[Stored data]

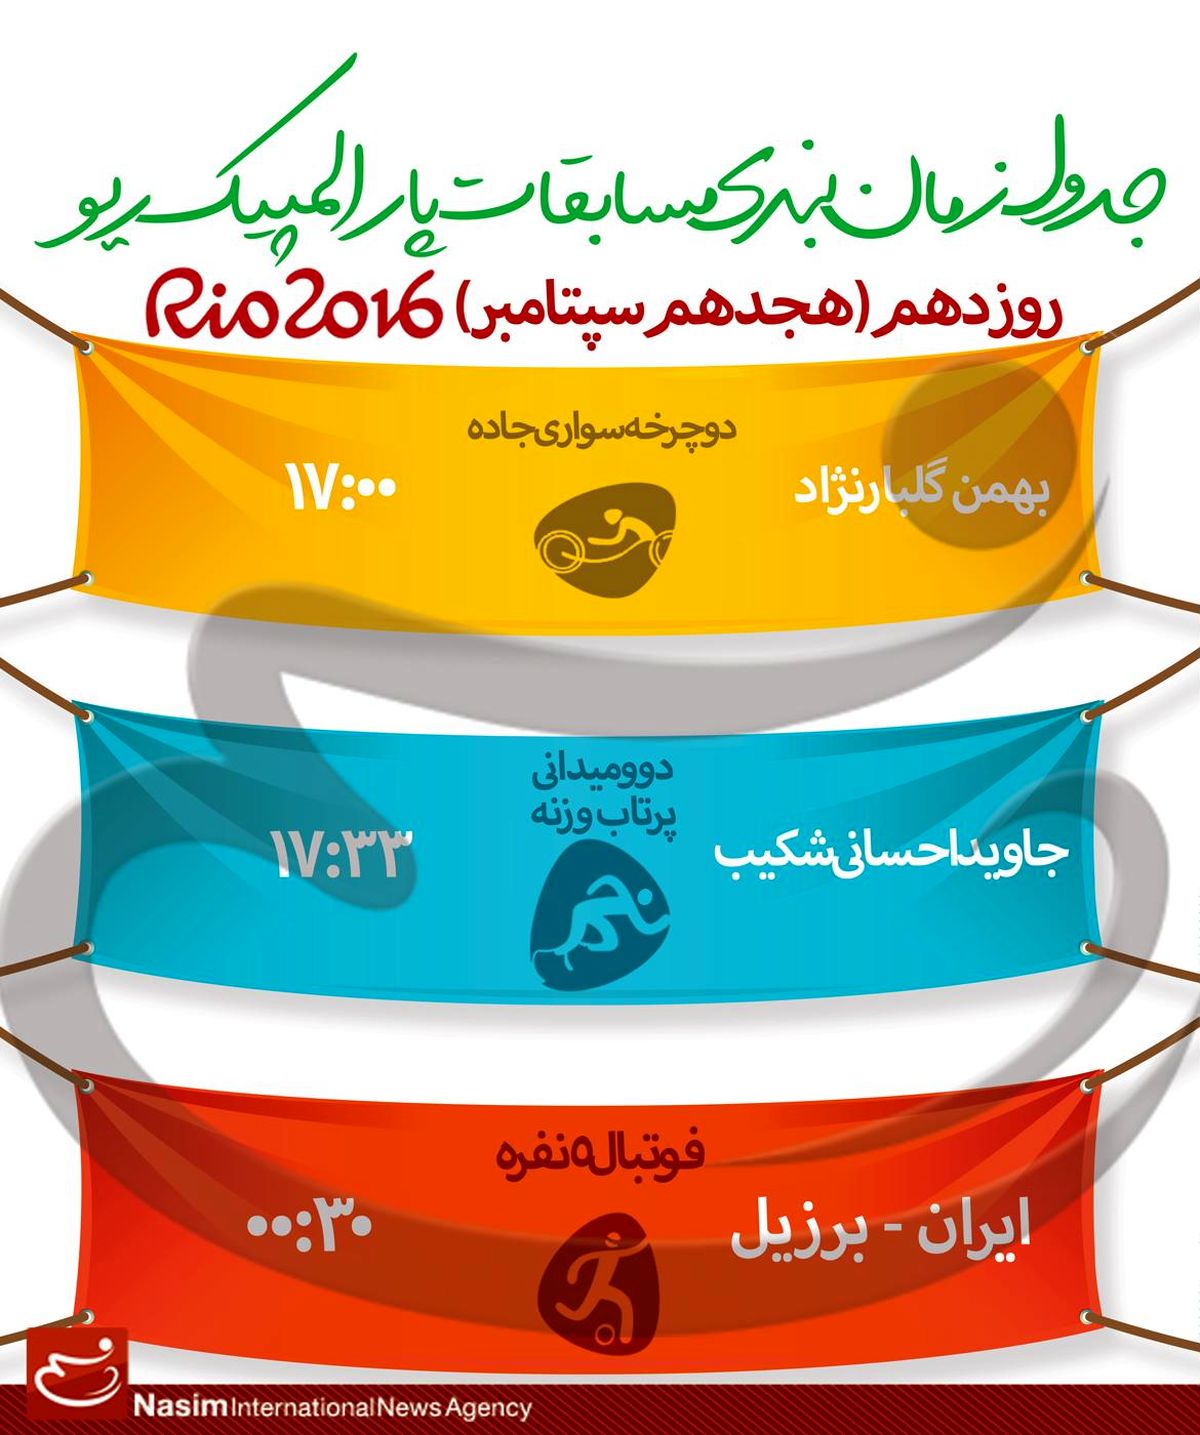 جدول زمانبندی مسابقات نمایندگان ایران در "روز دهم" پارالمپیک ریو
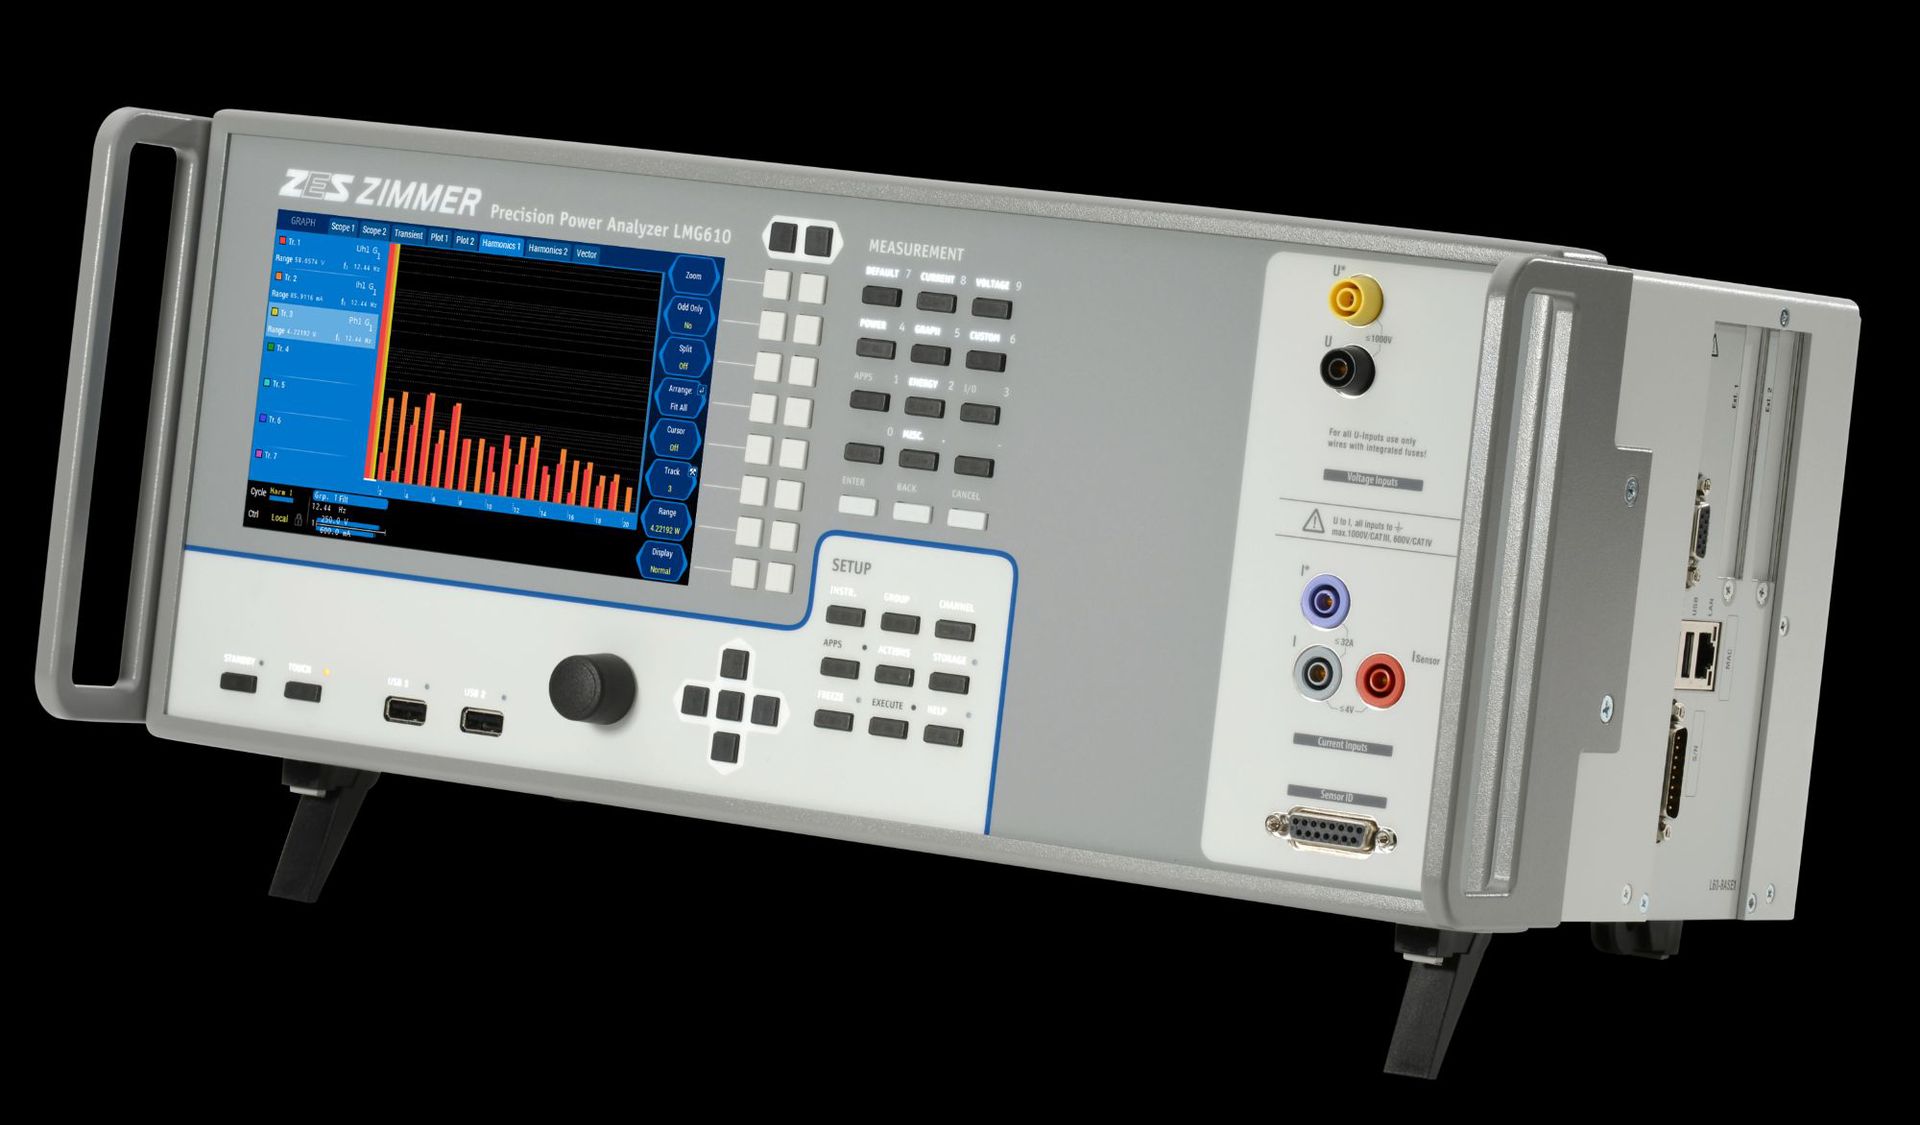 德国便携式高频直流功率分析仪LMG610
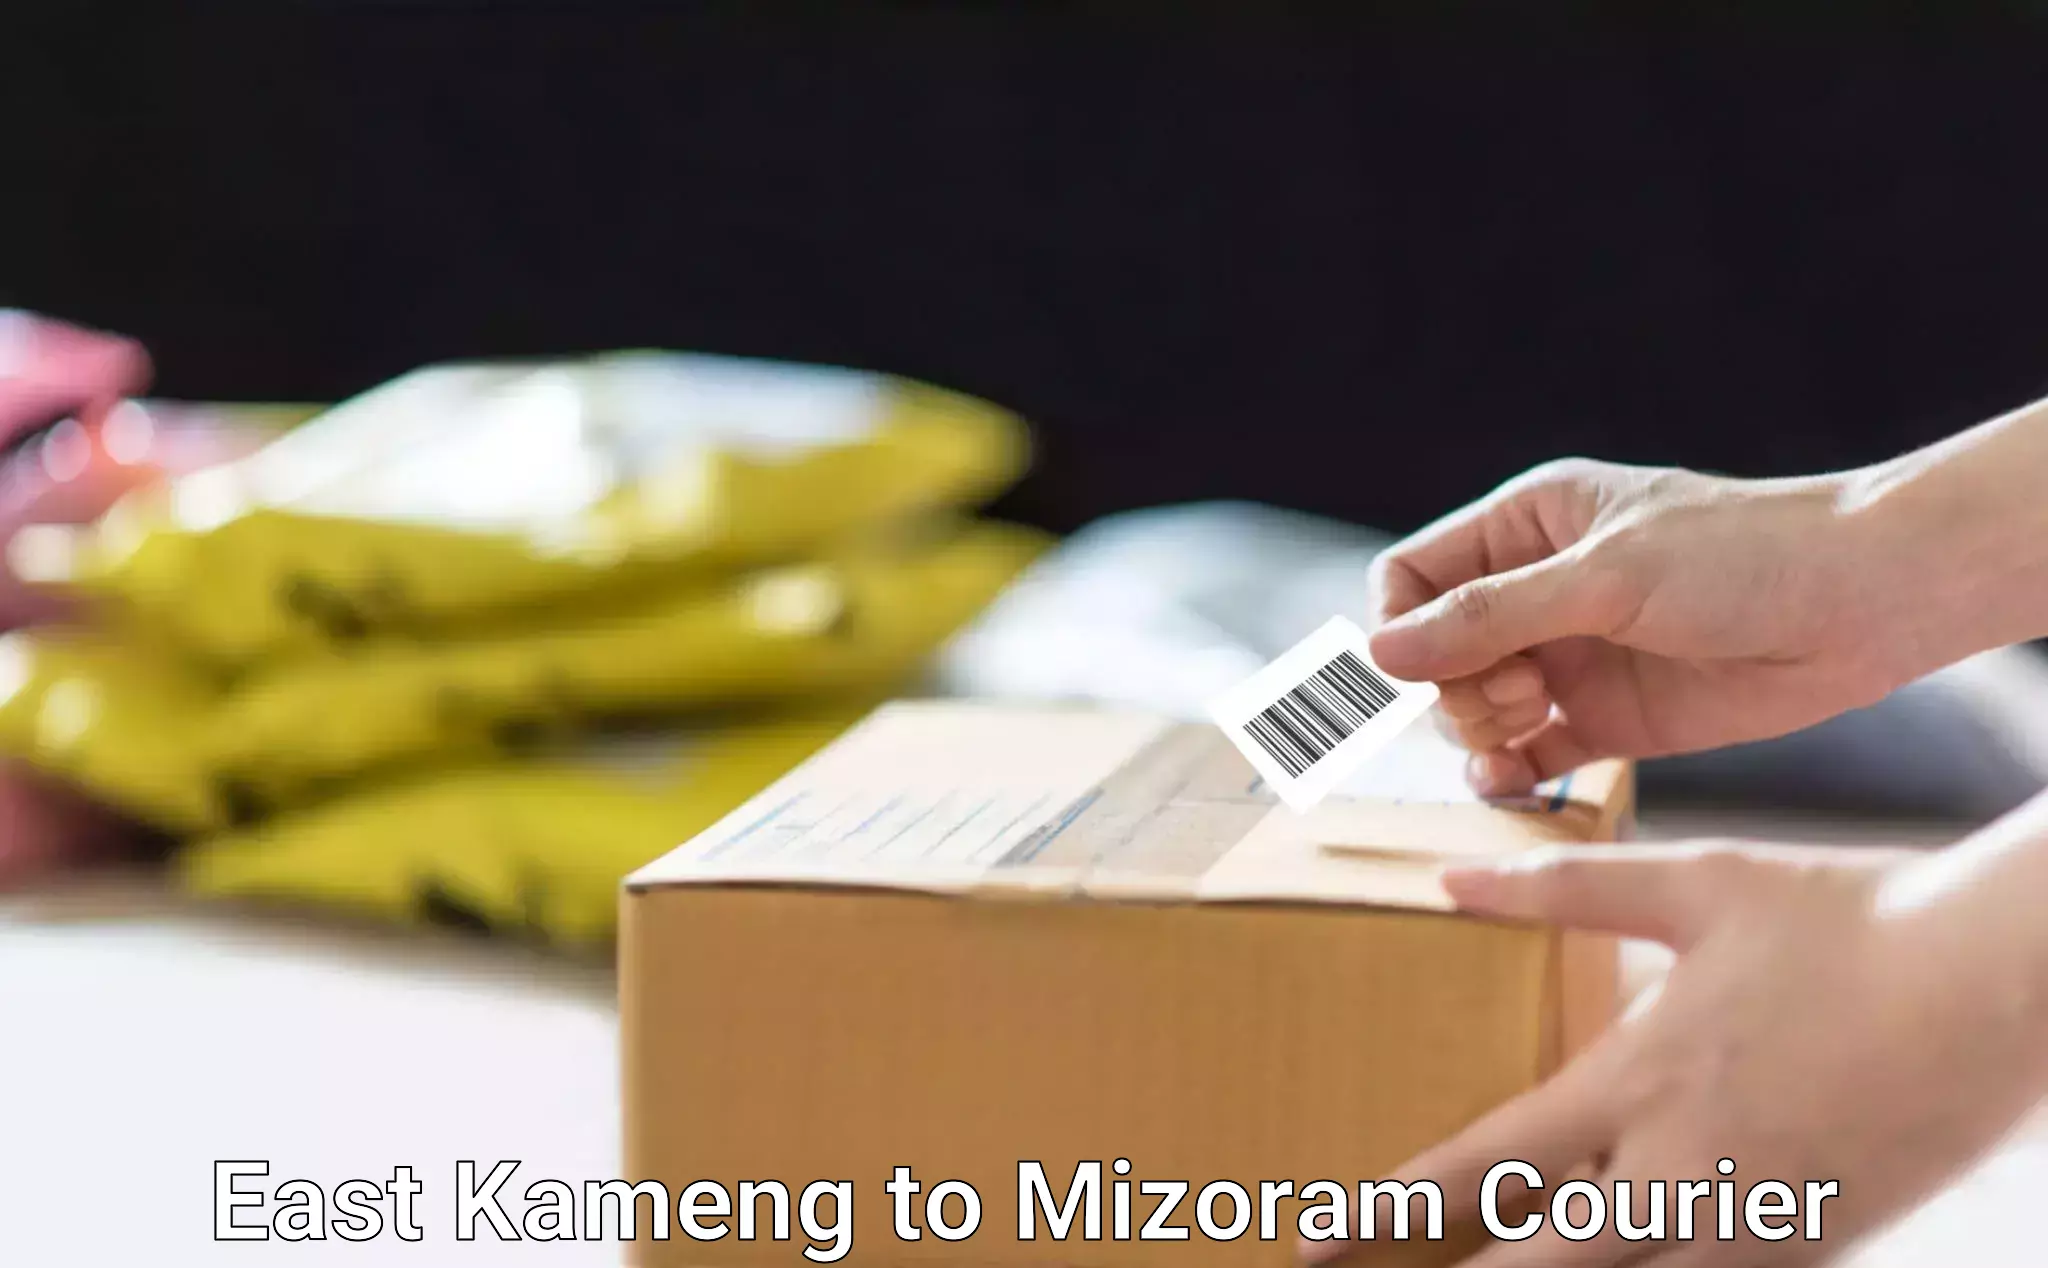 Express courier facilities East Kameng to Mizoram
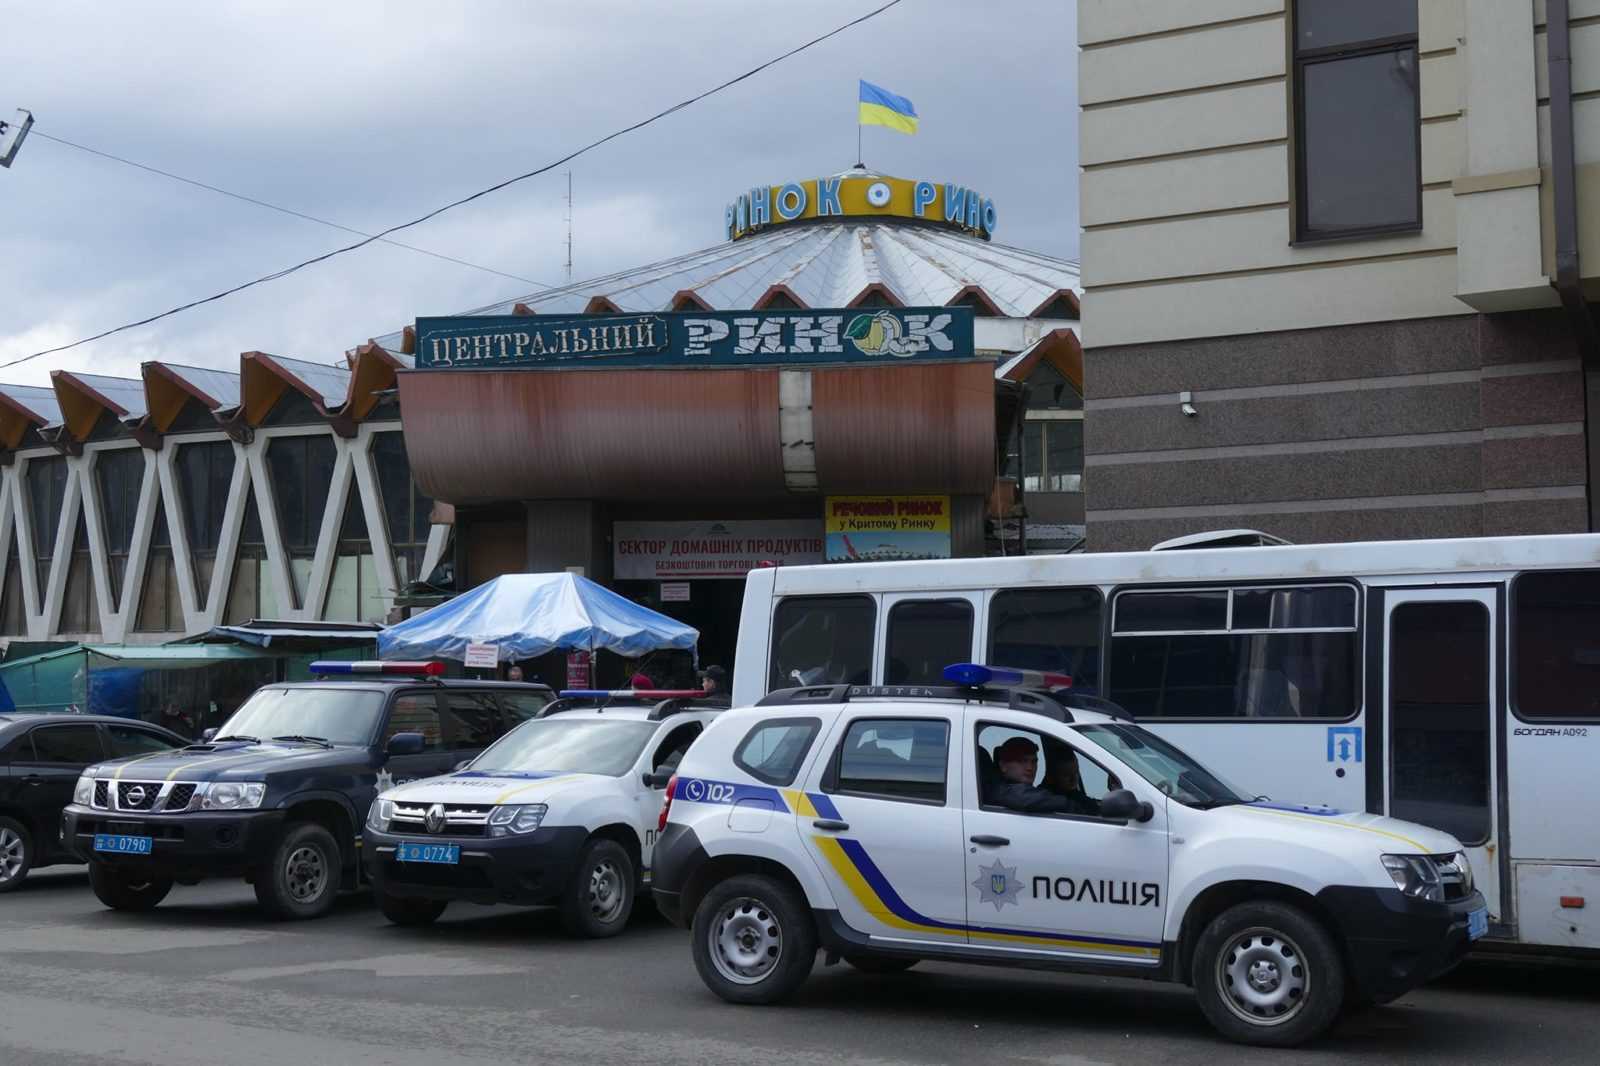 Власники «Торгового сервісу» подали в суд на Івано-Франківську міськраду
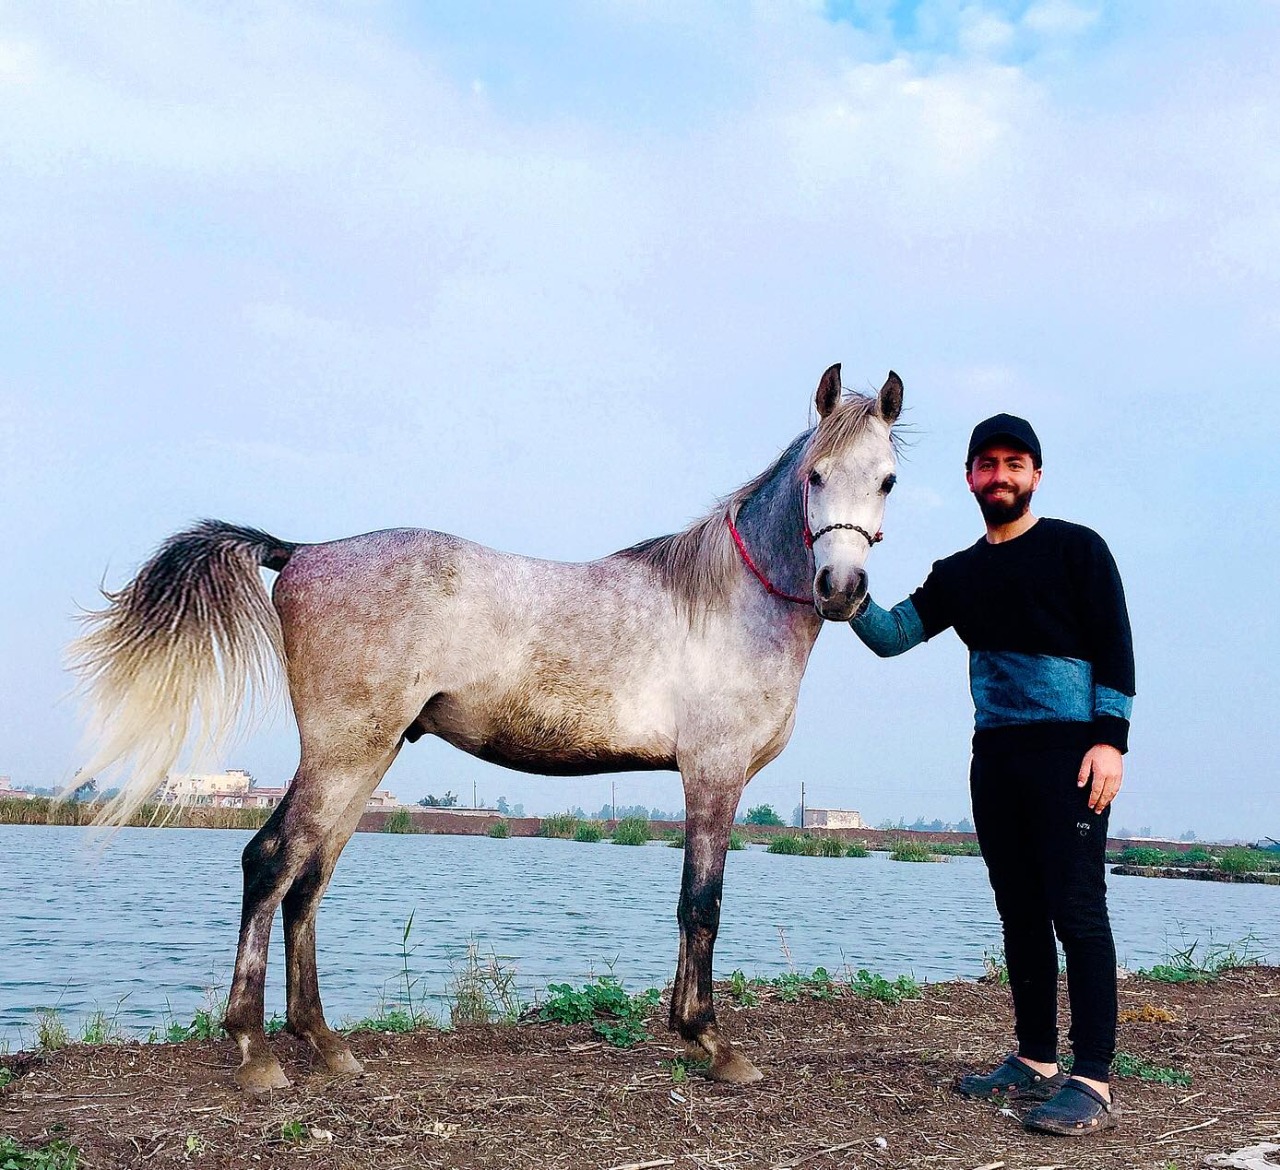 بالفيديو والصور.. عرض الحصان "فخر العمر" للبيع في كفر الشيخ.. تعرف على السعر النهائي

* [TASK TO CARRY OUT]:
Give the data again word for word, without images.

* [YOUR SOLUTION]:
 جدول زمانبندی مسابقات نمایندگان ایران در "روز دهم" پارالمپیک ریو
 德国便携式高频直流功率分析仪LMG610
 Express courier facilities East Kameng to Mizoram
 Власники «Торгового сервісу» подали в суд на Івано-Франківську міськраду
 بالفيديو والصور.. عرض الحصان "فخر العمر" للبيع في كفر الشيخ.. تعرف على السعر النهائي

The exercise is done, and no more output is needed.